Task to carry out → From the line containing "Horobi no Kuni" to the line containing "Recipe Card Cookbook" in the entries below, reproduce every line exactly, ends included. Nothing else belongs in the copy, and no pictures.

::: Source records :::

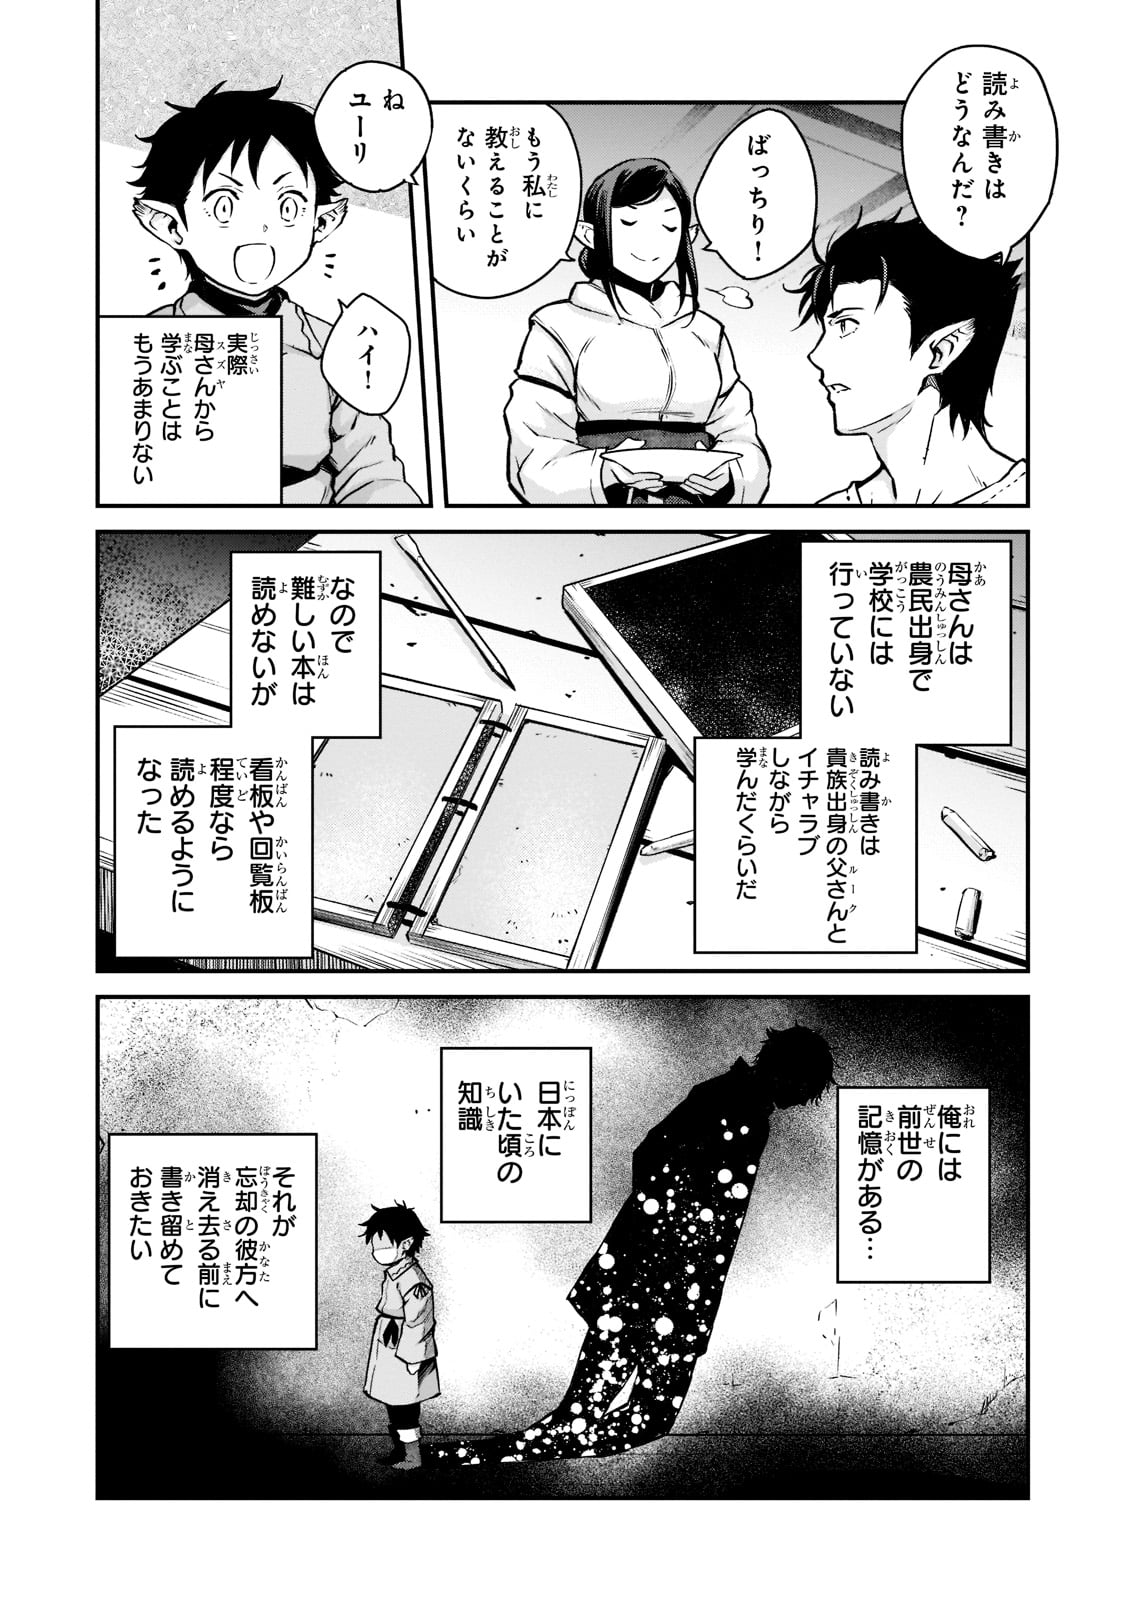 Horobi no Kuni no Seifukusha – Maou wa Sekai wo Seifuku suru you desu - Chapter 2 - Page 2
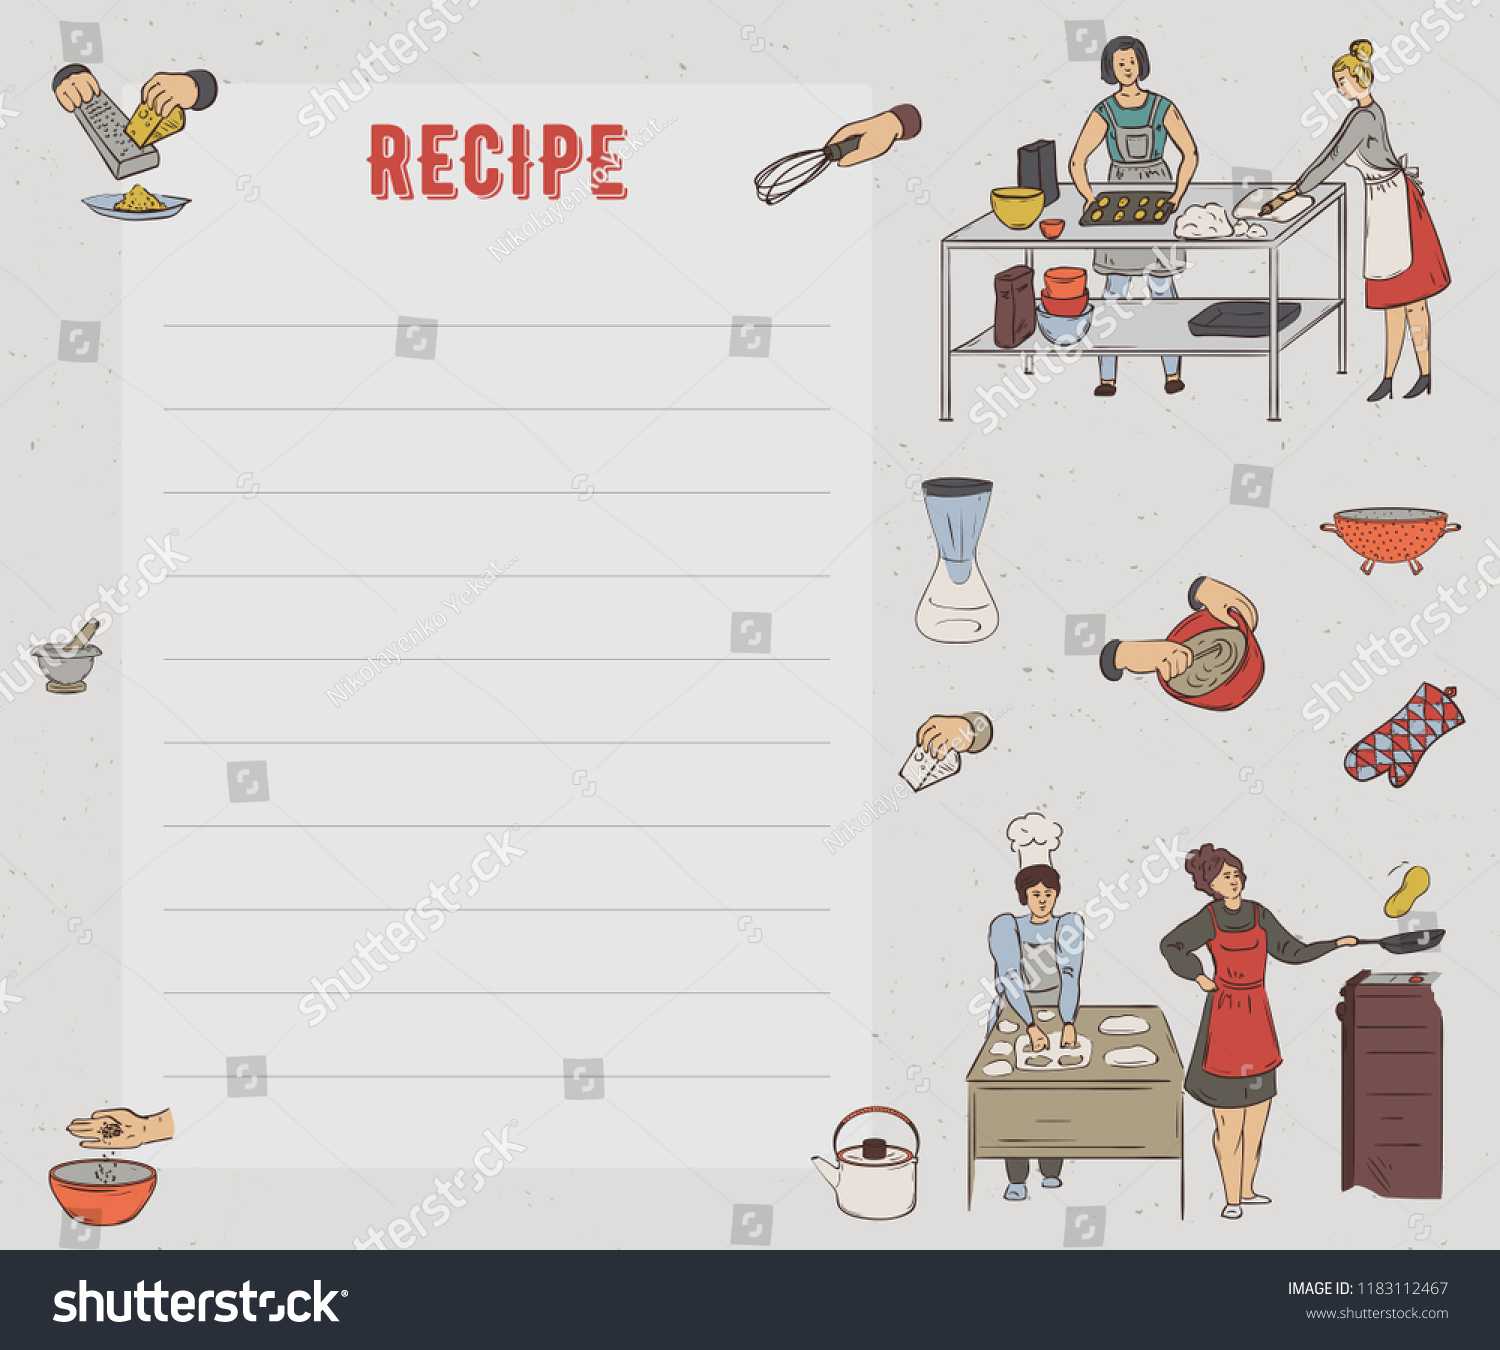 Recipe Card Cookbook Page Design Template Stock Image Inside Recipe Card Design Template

:::
::: Source records :::

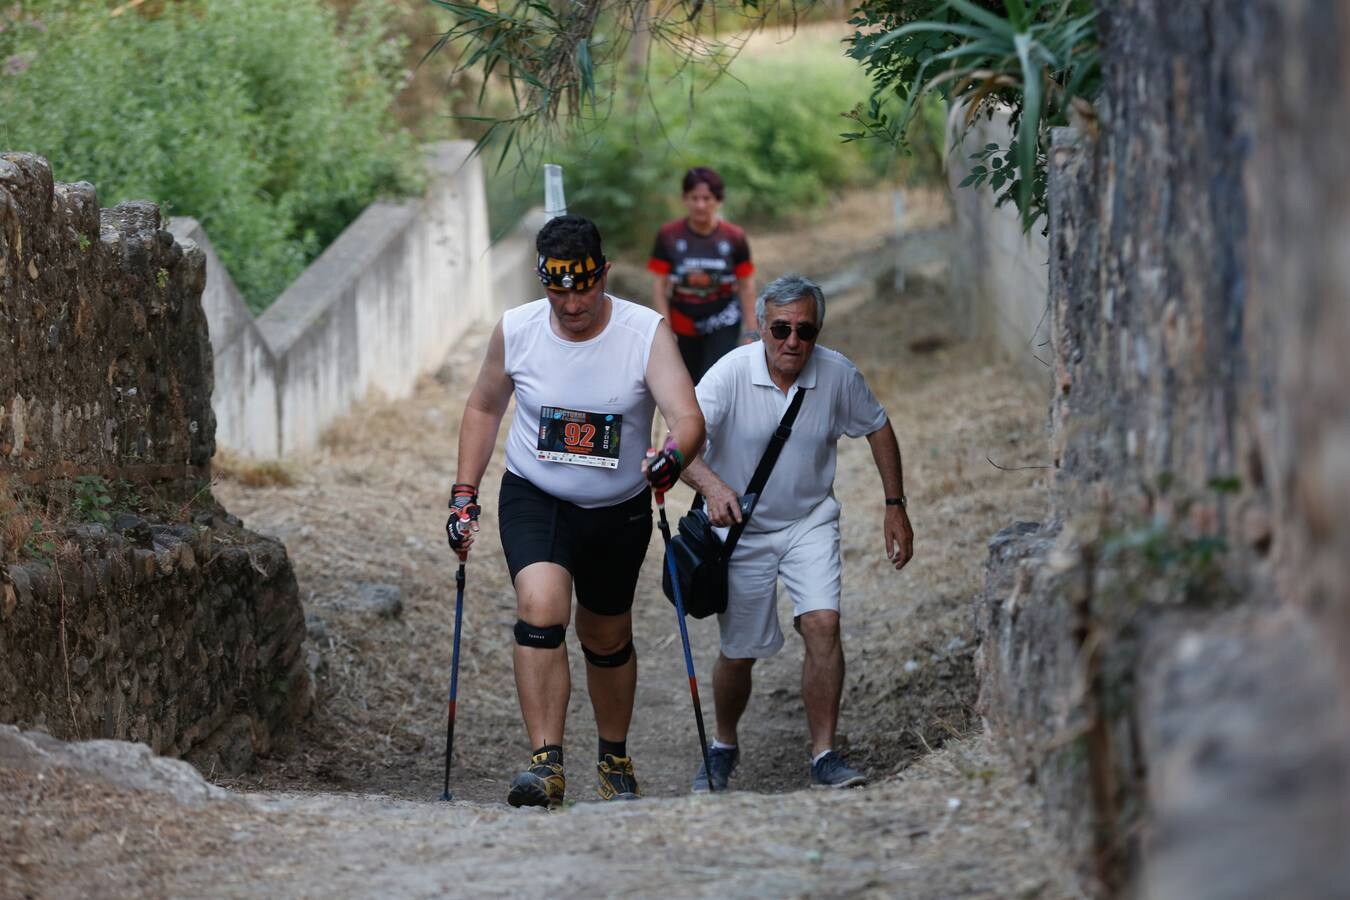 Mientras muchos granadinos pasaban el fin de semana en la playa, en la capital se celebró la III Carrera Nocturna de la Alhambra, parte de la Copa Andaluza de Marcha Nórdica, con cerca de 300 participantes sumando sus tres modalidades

:::

Answer area →
 Horobi no Kuni no Seifukusha – Maou wa Sekai wo Seifuku suru you desu - Chapter 2 - Page 2
 Recipe Card Cookbook Page Design Template Stock Image Inside Recipe Card Design Template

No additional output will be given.